» **PROMPT**
Restate the listing that follows word for word, without its pictures.

» **PROVIDED MATERIAL**

*** Begin section ***

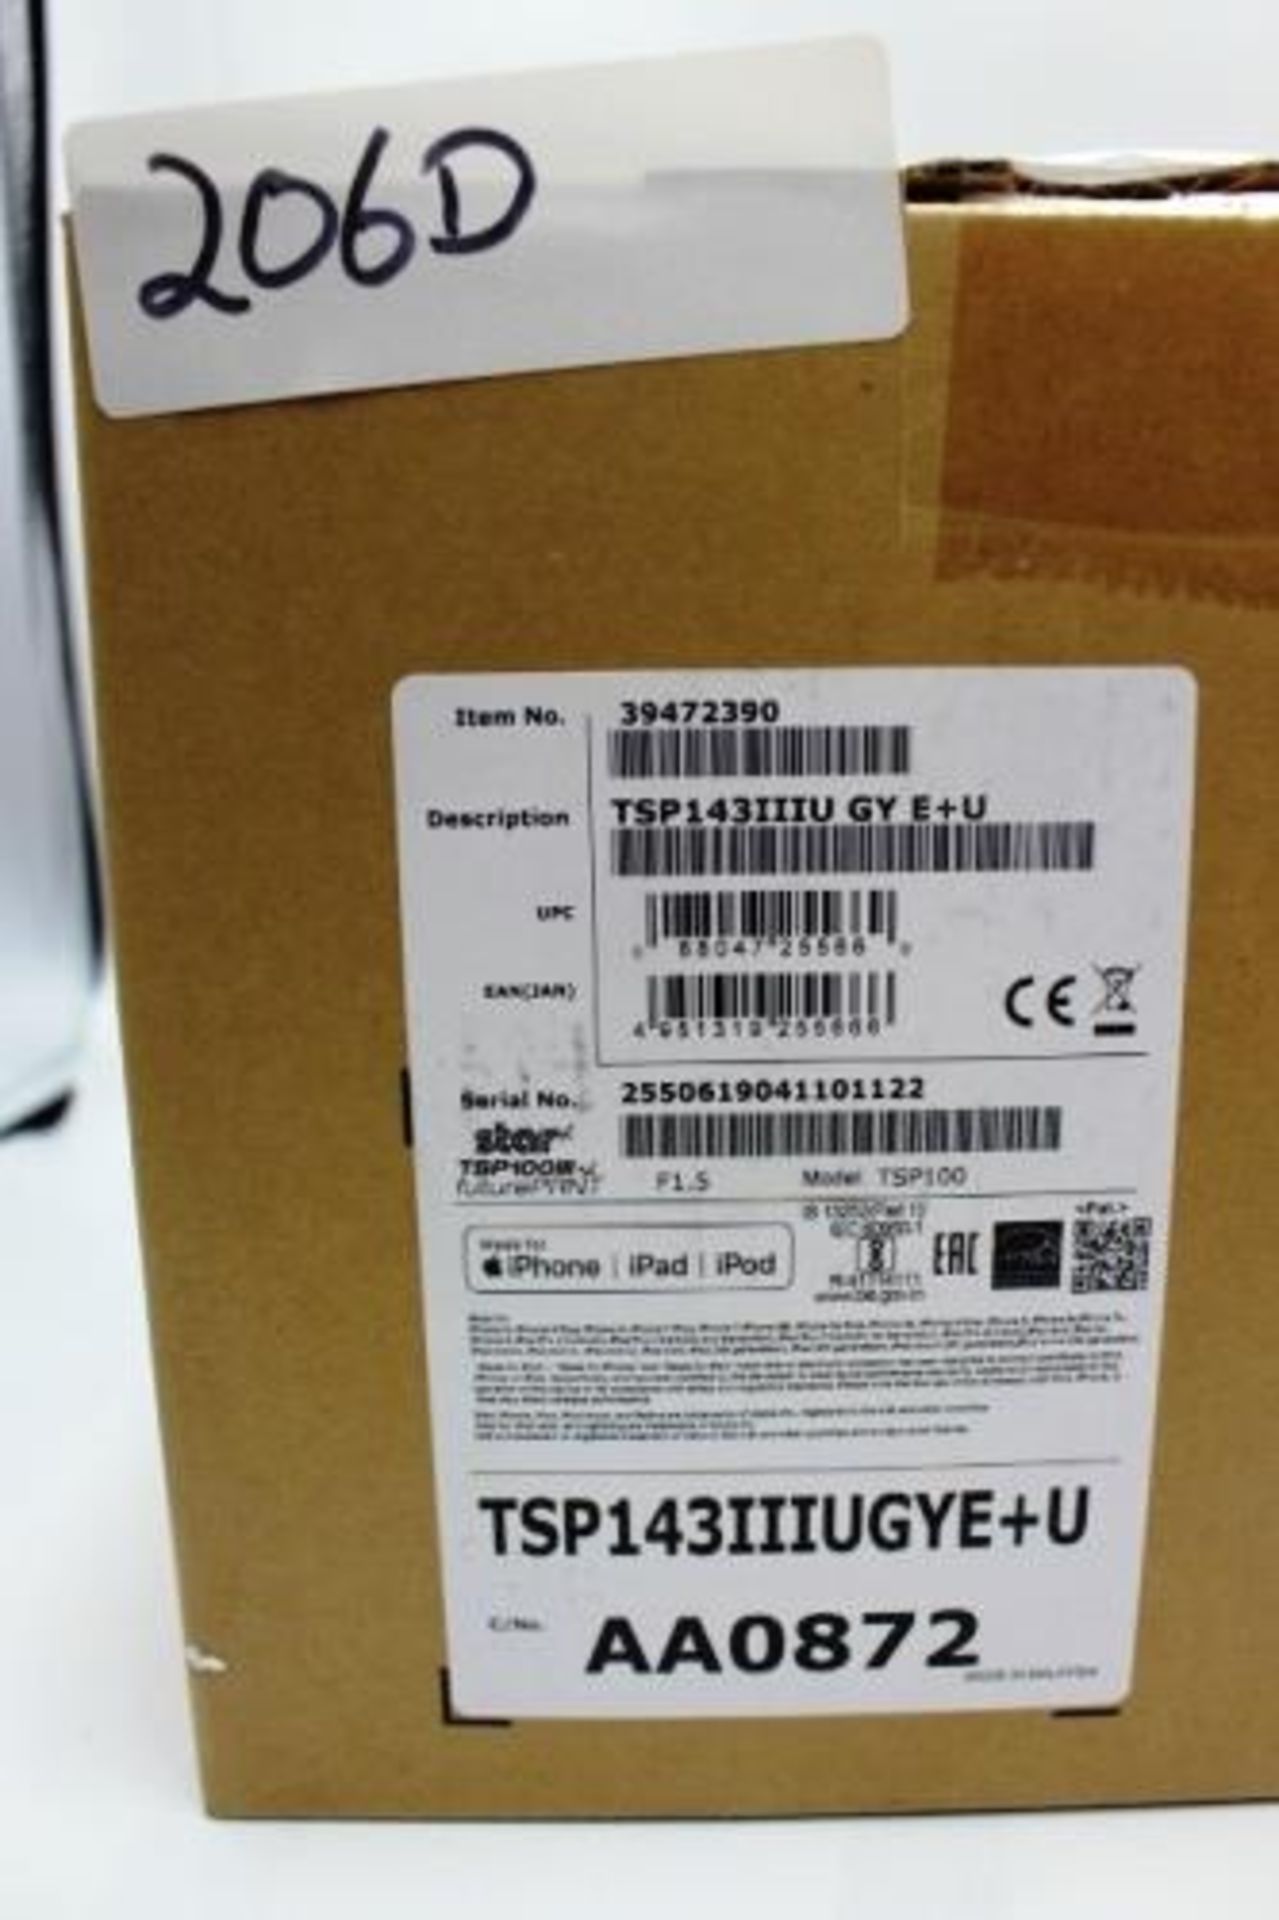 1 x Star TSP100III Future Print, model TSP143IIIUGYE+U - Sealed new in box (cab 14) - Image 2 of 2
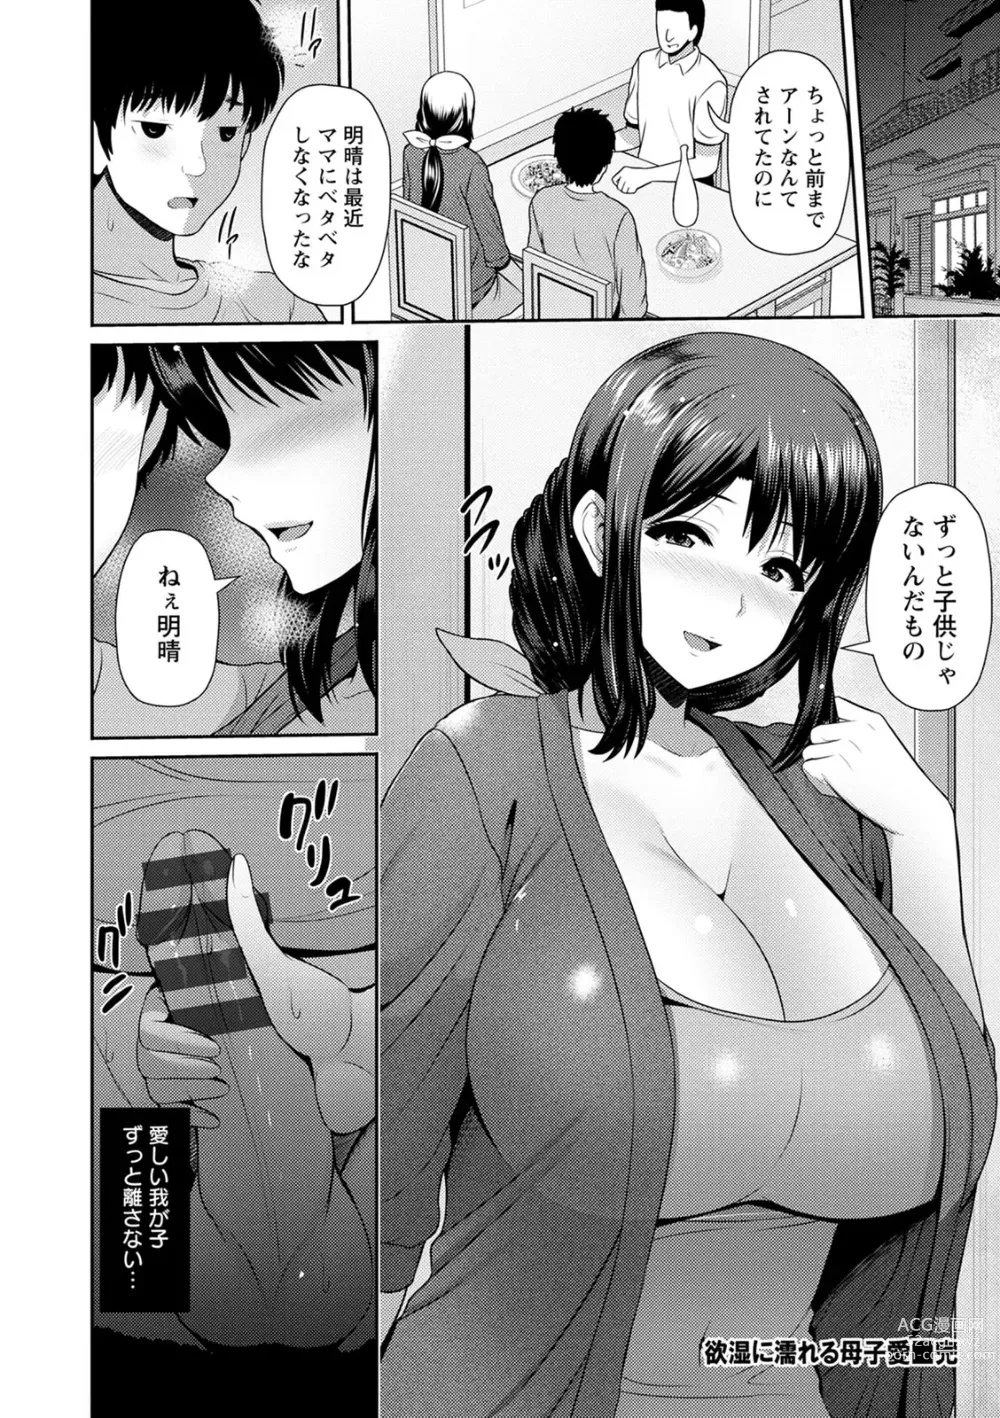 Page 24 of manga Shitsu Raku En
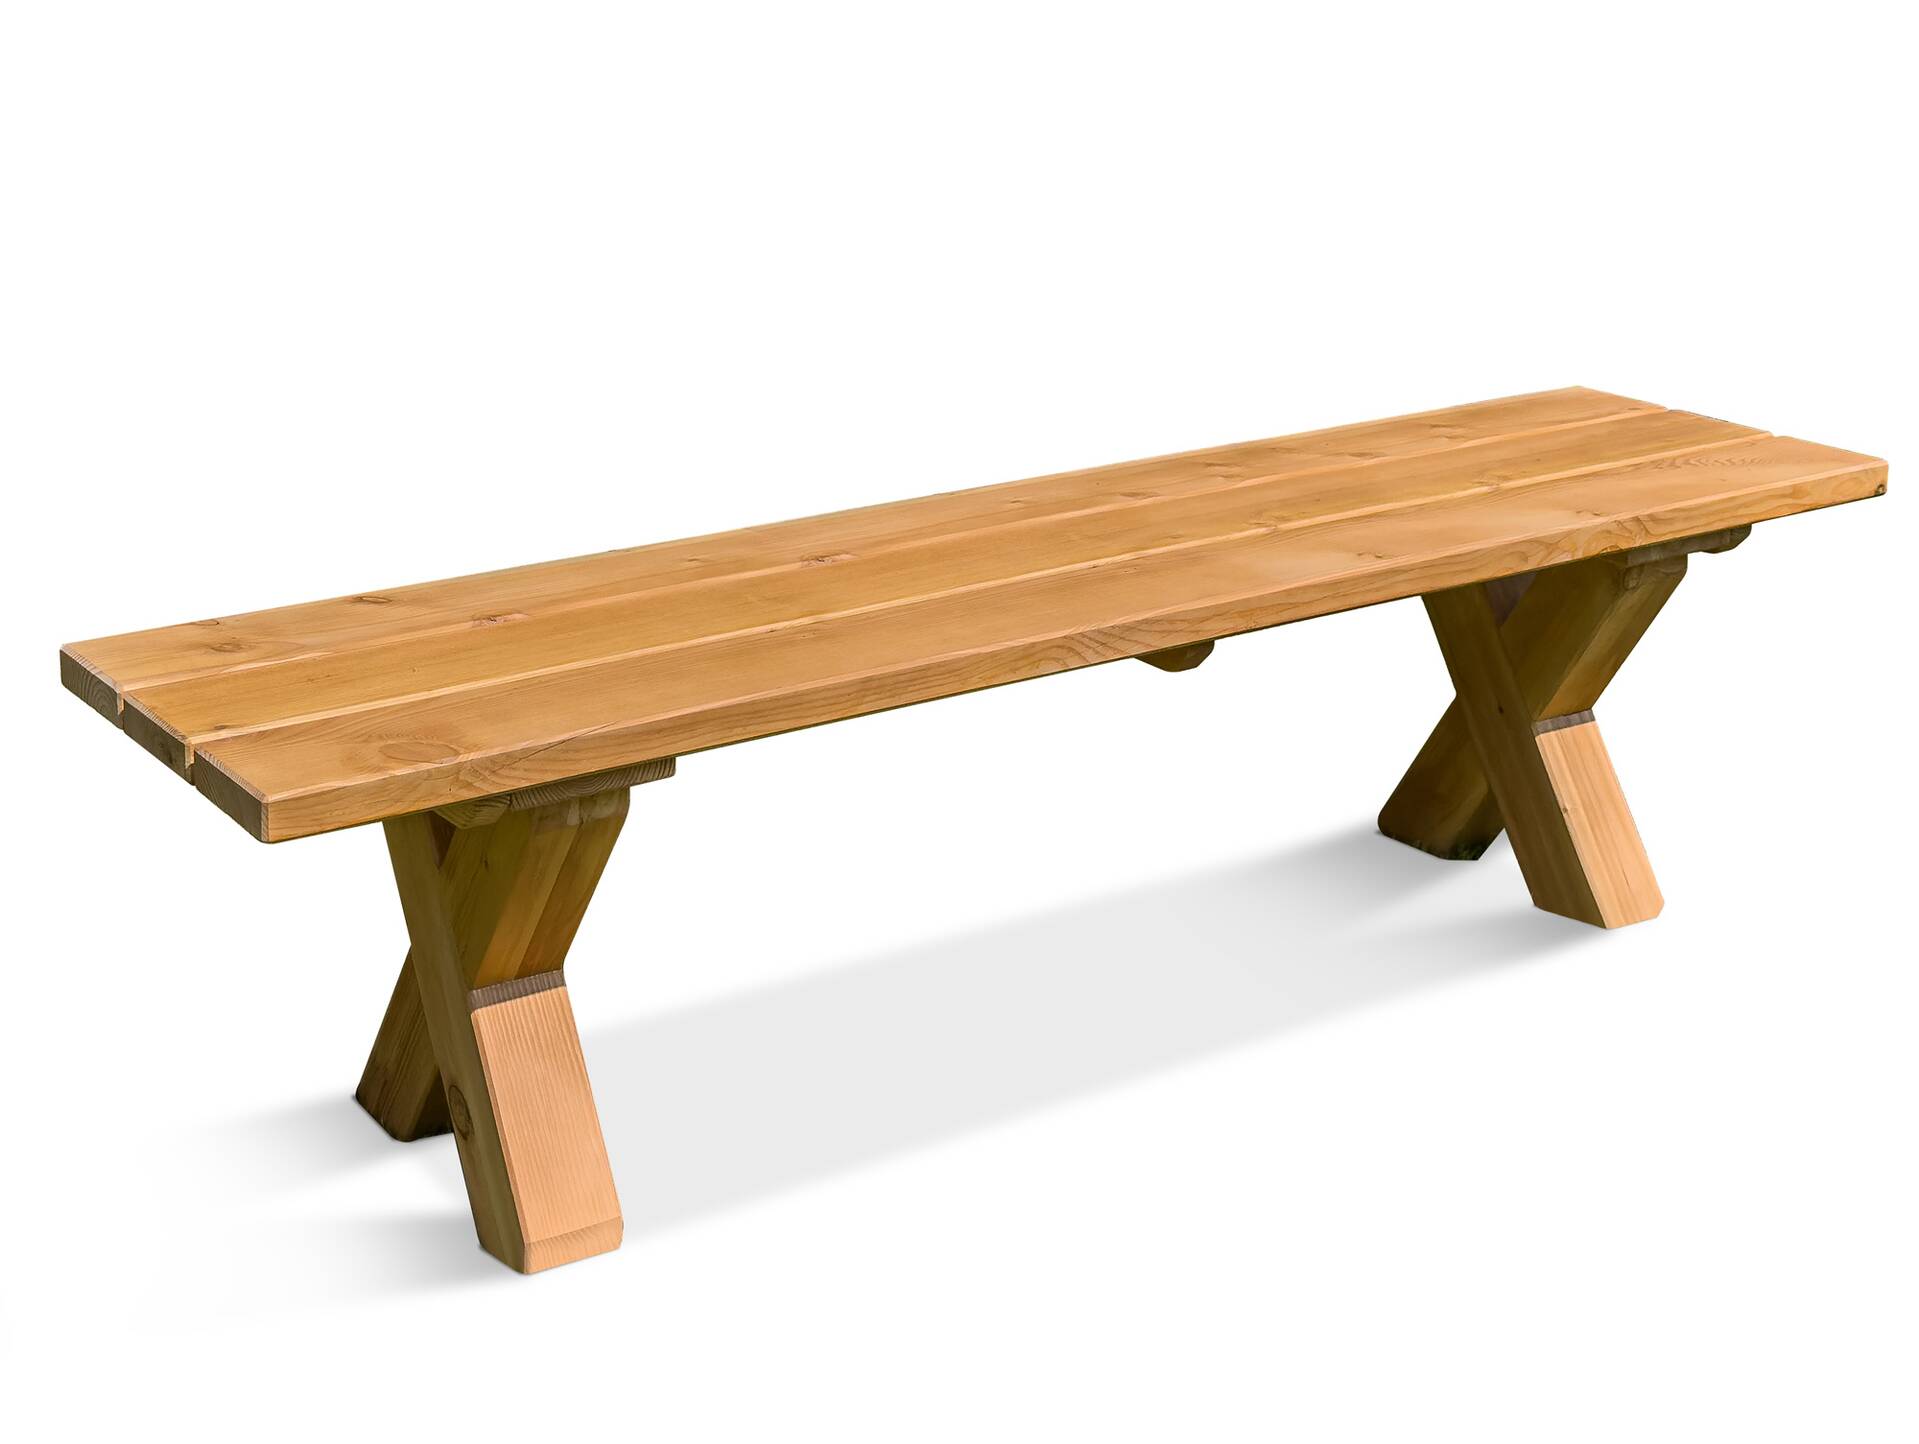 CANCUN Sitzbank / Gartenbank mit X-Beinen, Material Massivholz, Lärche natur 220 cm | ohne Rückenlehne

*** End section ***

» **SOLUTION FOR THIS EXERCISE**
 1 x Star TSP100III Future Print, model TSP143IIIUGYE+U - Sealed new in box (cab 14) - Image 2 of 2
 Page 24 of manga Shitsu Raku En
 CANCUN Sitzbank / Gartenbank mit X-Beinen, Material Massivholz, Lärche natur 220 cm | ohne Rückenlehne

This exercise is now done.